+++ Supplied information

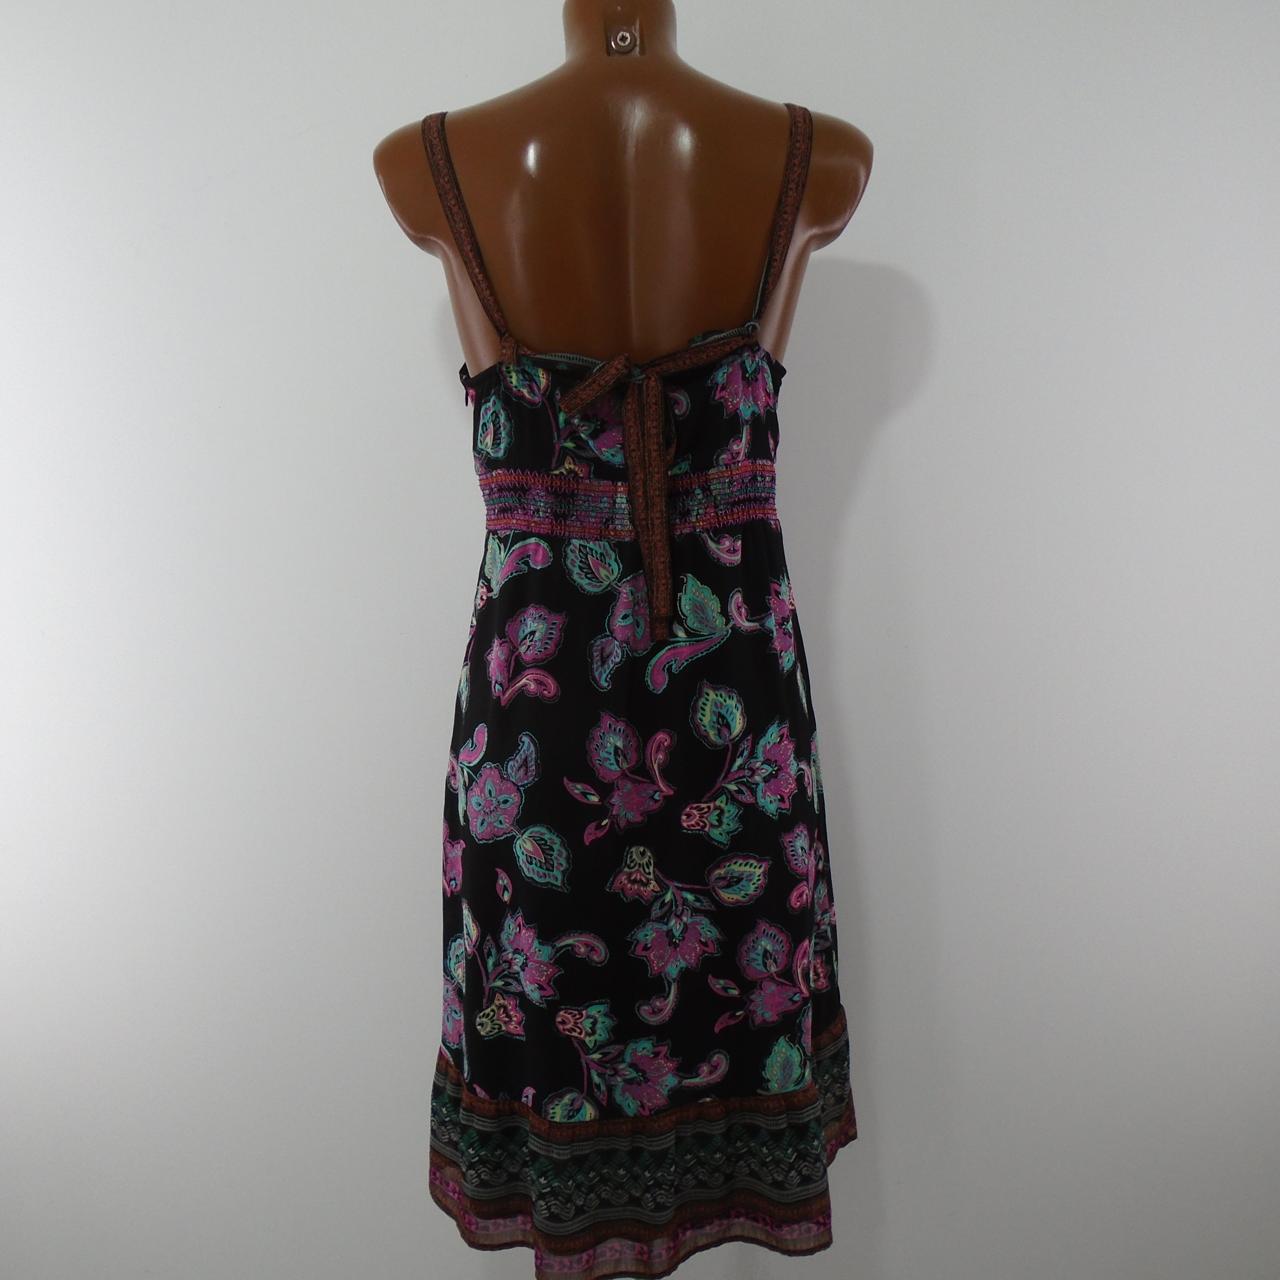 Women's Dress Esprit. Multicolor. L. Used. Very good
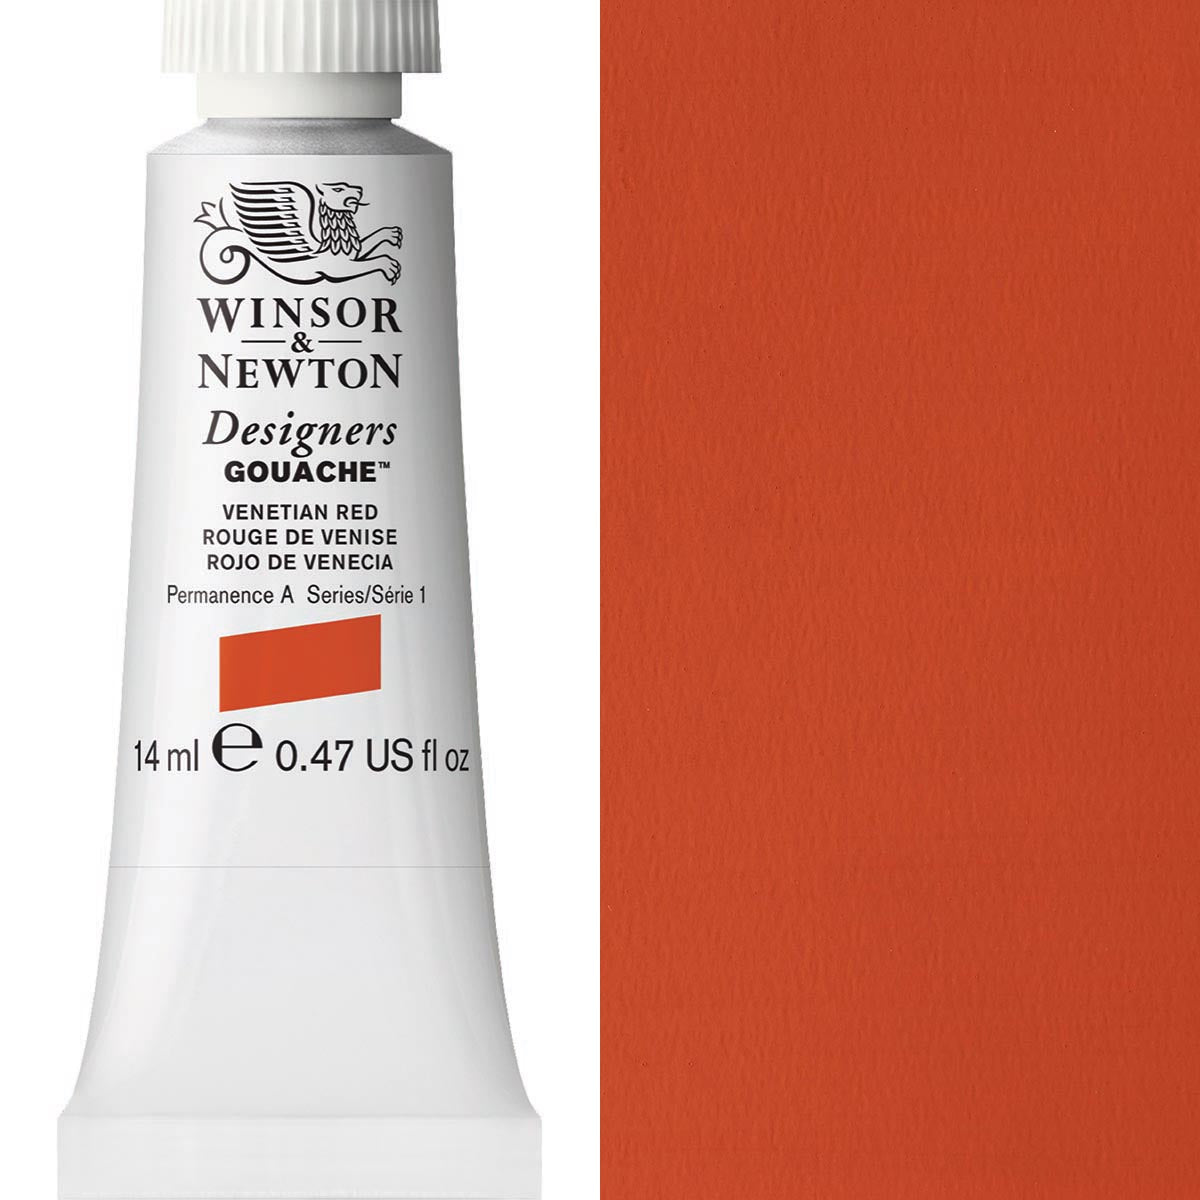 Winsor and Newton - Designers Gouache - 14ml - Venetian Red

++++++
+++ Supplied information

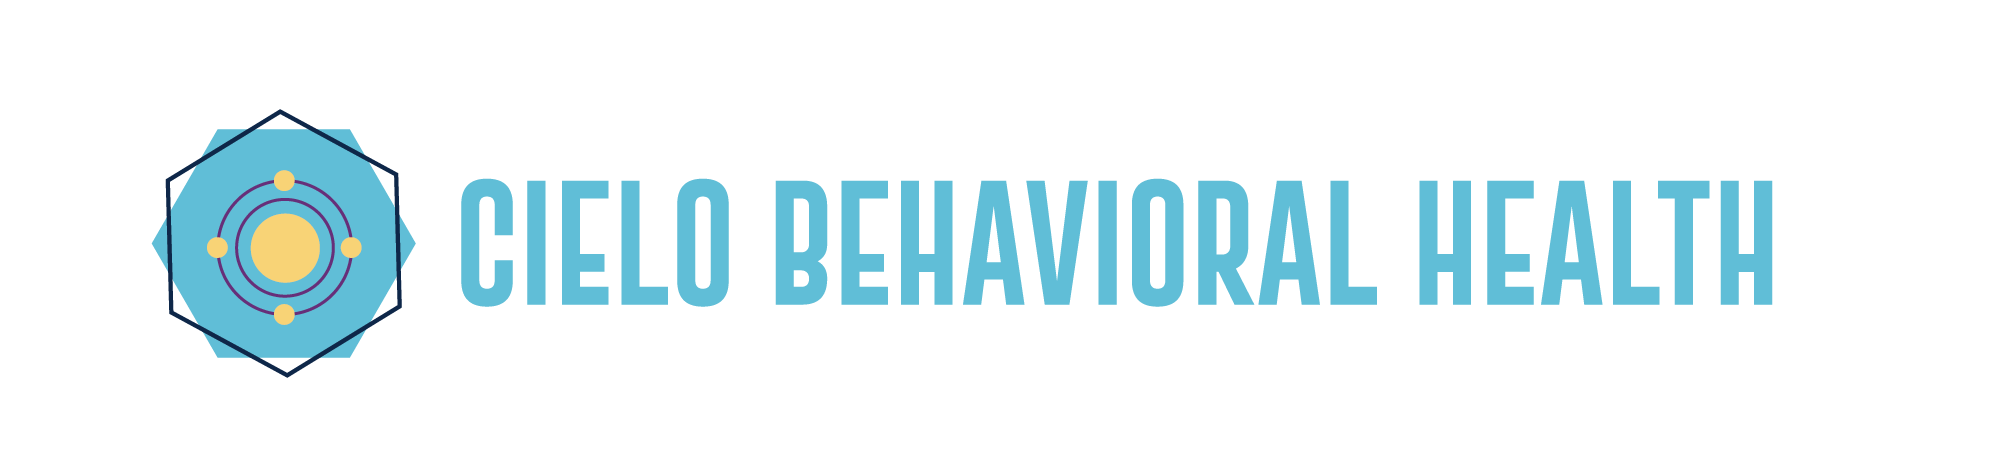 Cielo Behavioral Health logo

++++++
+++ Supplied information

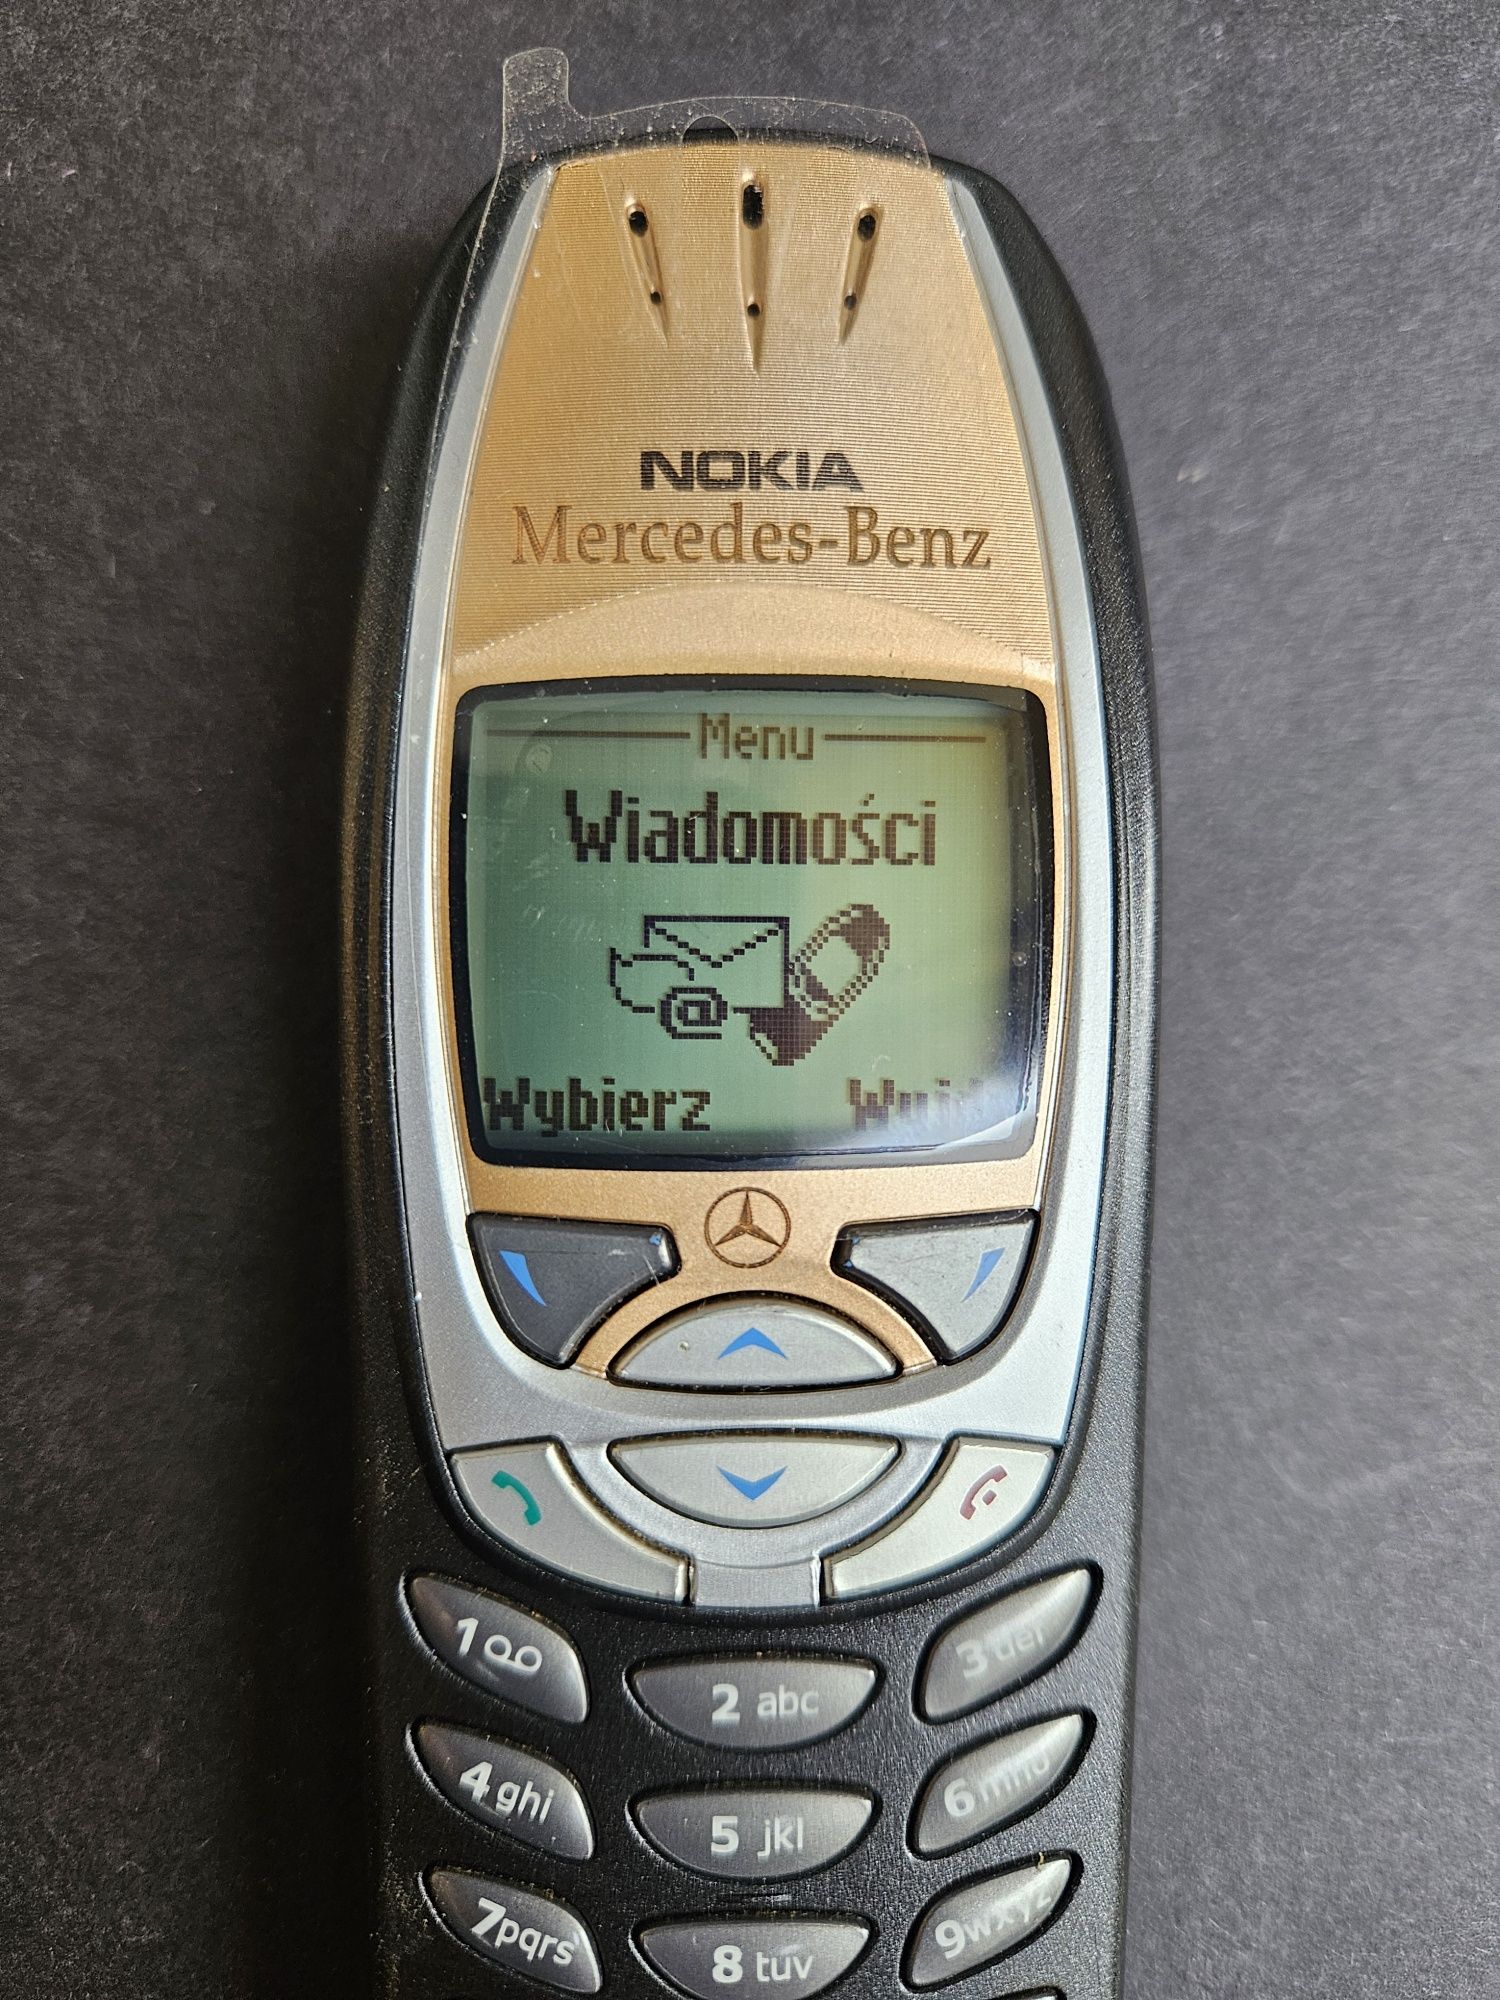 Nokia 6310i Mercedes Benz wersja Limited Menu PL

++++++

Only the lines starting at the one with "Women's Dress Esprit." and ending at the one with "Winsor and Newton" should be printed, each exactly as it appears in the material above; the pictures are to be omitted.

§ Answer space
 Women's Dress Esprit. Multicolor. L. Used. Very good
 Winsor and Newton - Designers Gouache - 14ml - Venetian Red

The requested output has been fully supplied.